The advantage of nuclear power in producing lower carbon emissions holds true only as long as supplies of rich uranium last. When the leaner ores are used - that is, ores consisting of less than 0.01 percent (for soft rocks such as sandstone) and 0.02 percent (for hard rocks such as granite), so much energy is required by the milling process that the total quantity of fossil fuels needed for nuclear fission is greater than would be needed if those fuels were used directly to generate electricity. In other words, when it is forced to use ore of around this quality or worse, nuclear power begins to slip into a negative energy balance: more energy goes in than comes out, and more carbon dioxide is produced by nuclear power than by the fossil-fuel alternatives.15

The world's annual production of uranium oxide has been lagging behind its use in nuclear reactors for the past twenty years. The shortfall has been made up from military stockpiles.

Source: http://www.uxc.com/cover-stories/uxw_18-34-cover.html

The rise in the price of uranium oxide ("yellowcake") has soared recently. One reason is the higher cost of the fossil energy needed to mine and concentrate it.

Source: http://www.uex-corporation.com/s/UraniumMarket.as

There is doubtless some rich uranium ore still to be discovered, and yet exhaustive worldwide exploration has been done, and the evaluation by Storm van Leeuwen and Smith of the energy balances at every stage of the nuclear cycle has given us a summary.

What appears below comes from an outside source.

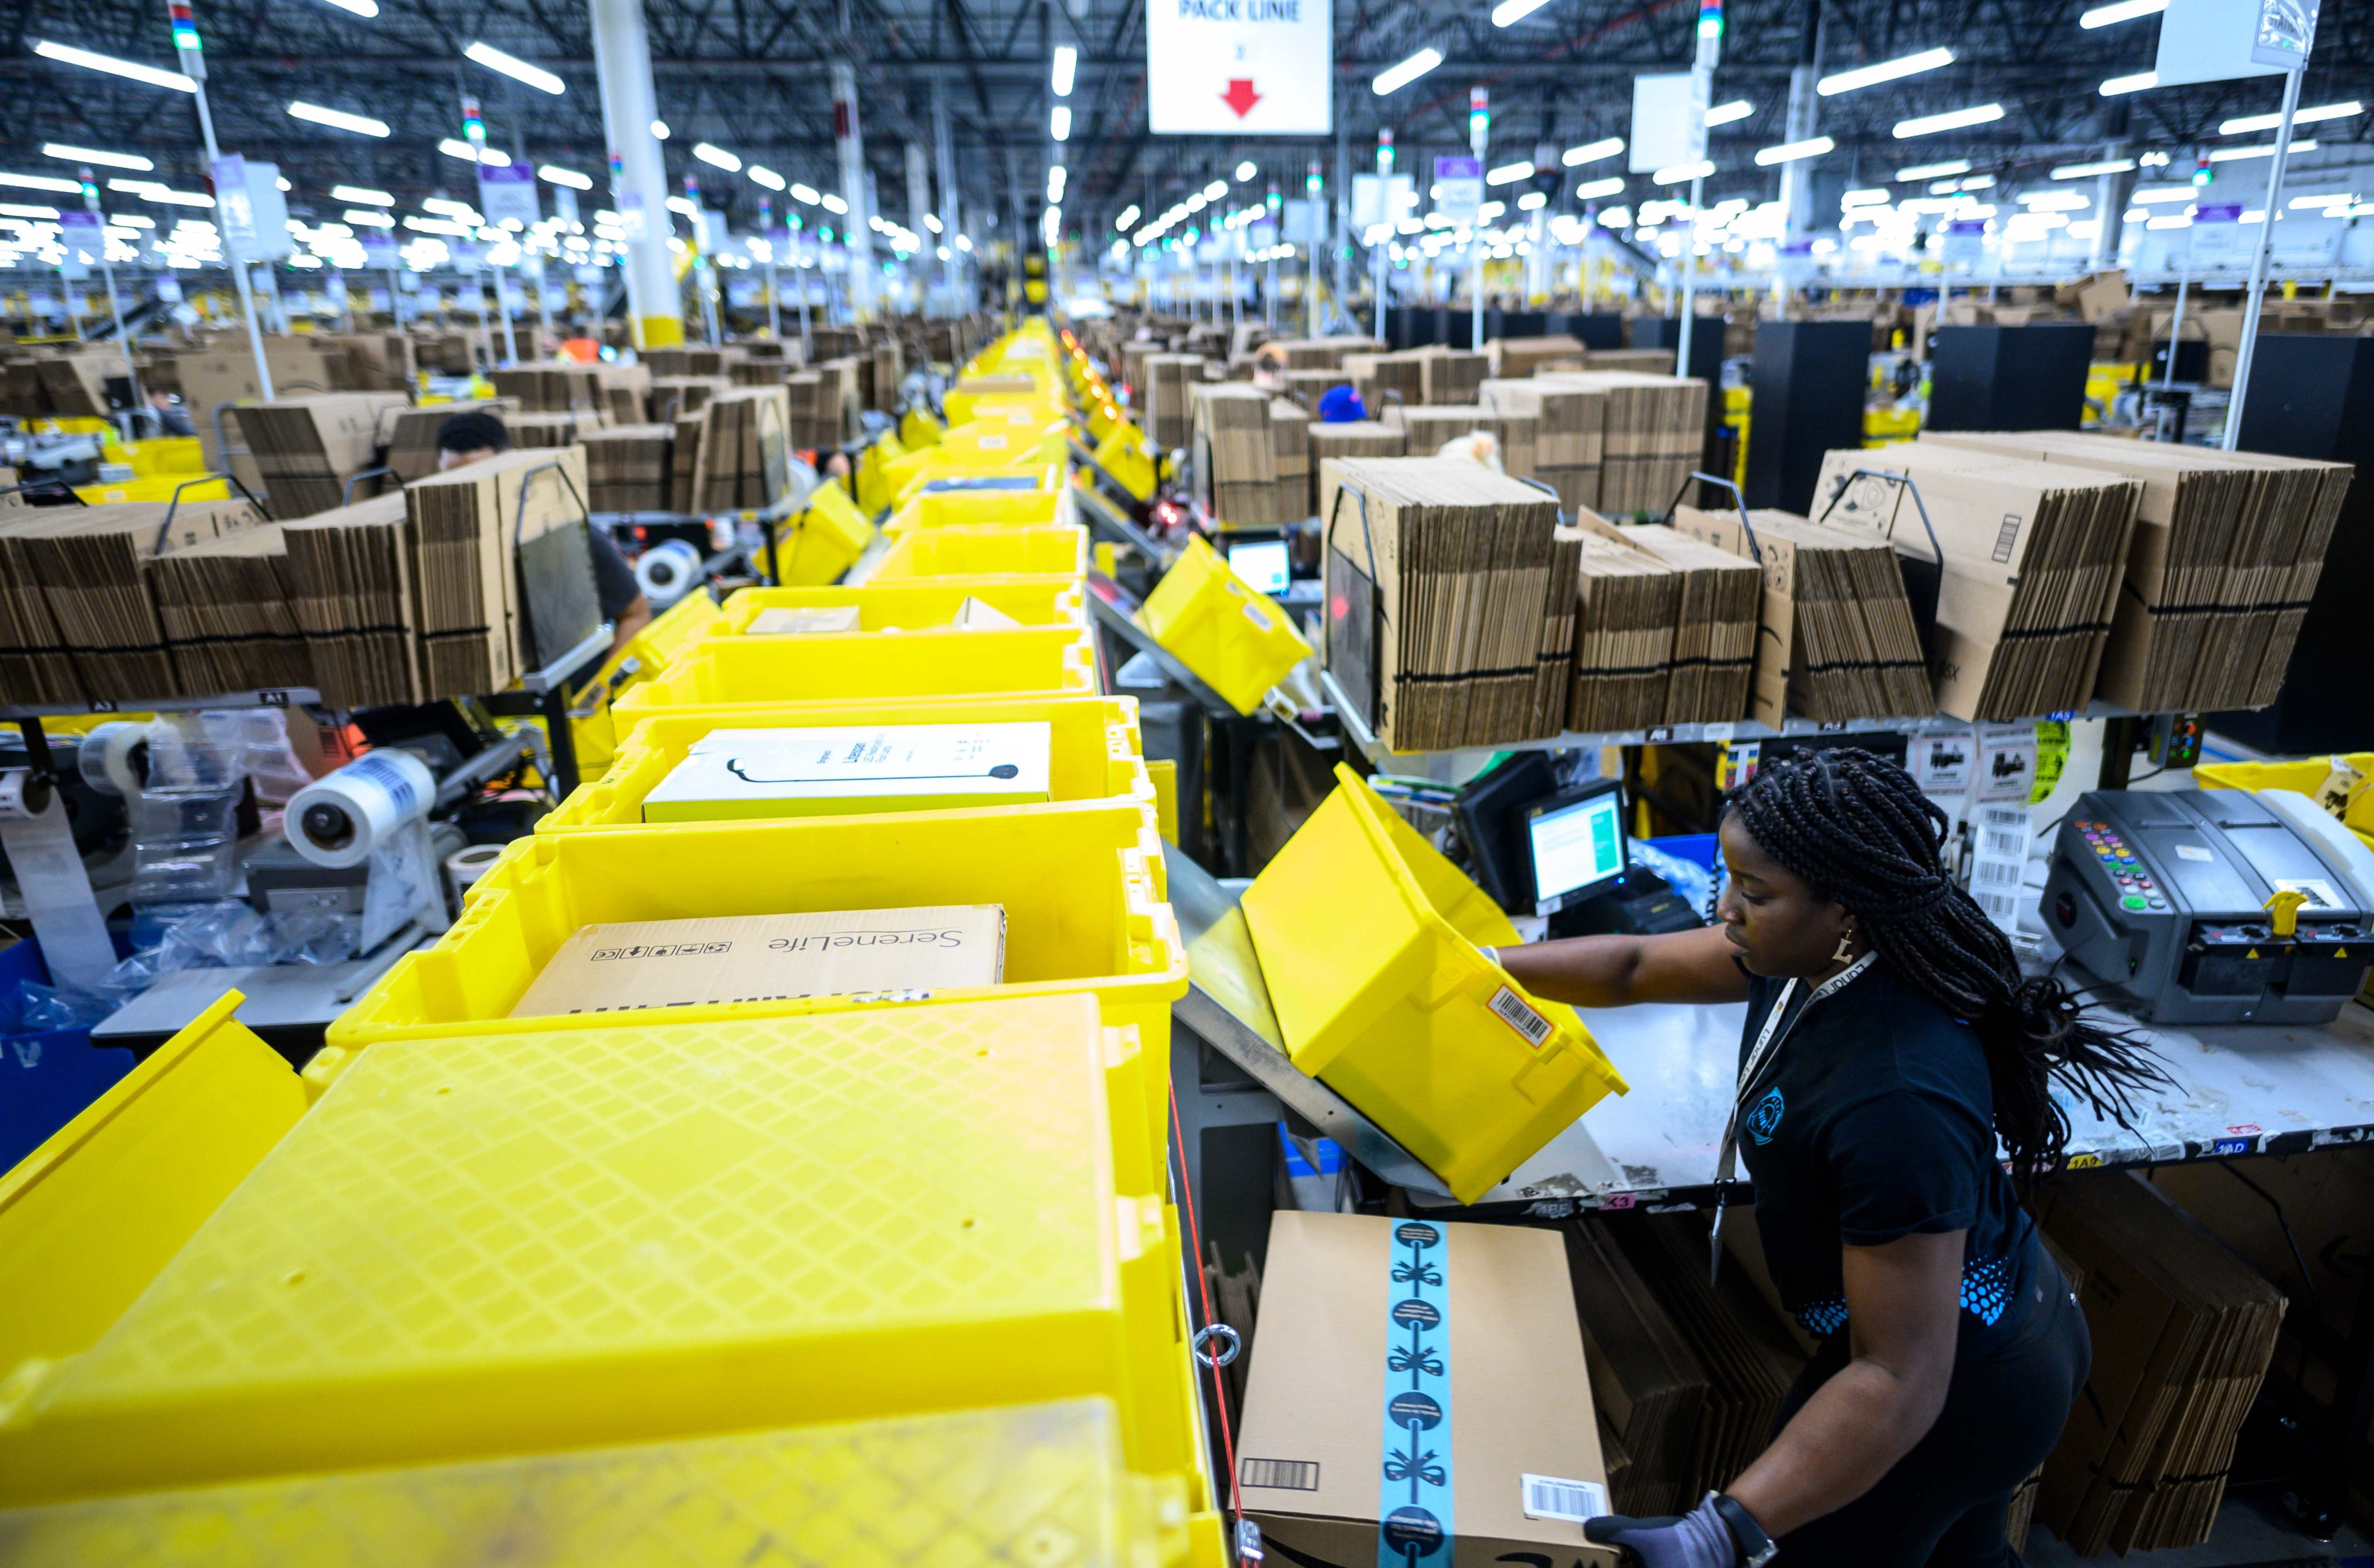 Legal Institute on Southern University: EU bør undersøge Amazon for spionage

There is enough usable uranium ore in the ground to sustain the present trivial rate of consumption - a mere 2 1/2 percent of all the world's final energy demand - and to fulfil its waste-management obligations, for around 45 years. However, to make a difference - to make a real contribution to postponing or mitigating the coming energy winter - nuclear energy would have to supply the energy needed for (say) the whole of the world's electricity supply. It could do so - but there are deep uncertainties as to how long this could be sustained. The best estimate (pretending for a moment that all the needed nuclear power stations could be built at the same time and without delay) is that the global demand for electricity could be supplied from nuclear power for about six years, with margins for error of about two years either way. Or perhaps it could be more ambitious than that: it could supply all the energy needed for an entire (hydrogen- fuelled) transport system. It could keep this up for some three years (with the same margin for error) before it ran out of rich ore and the energy balance turned negative.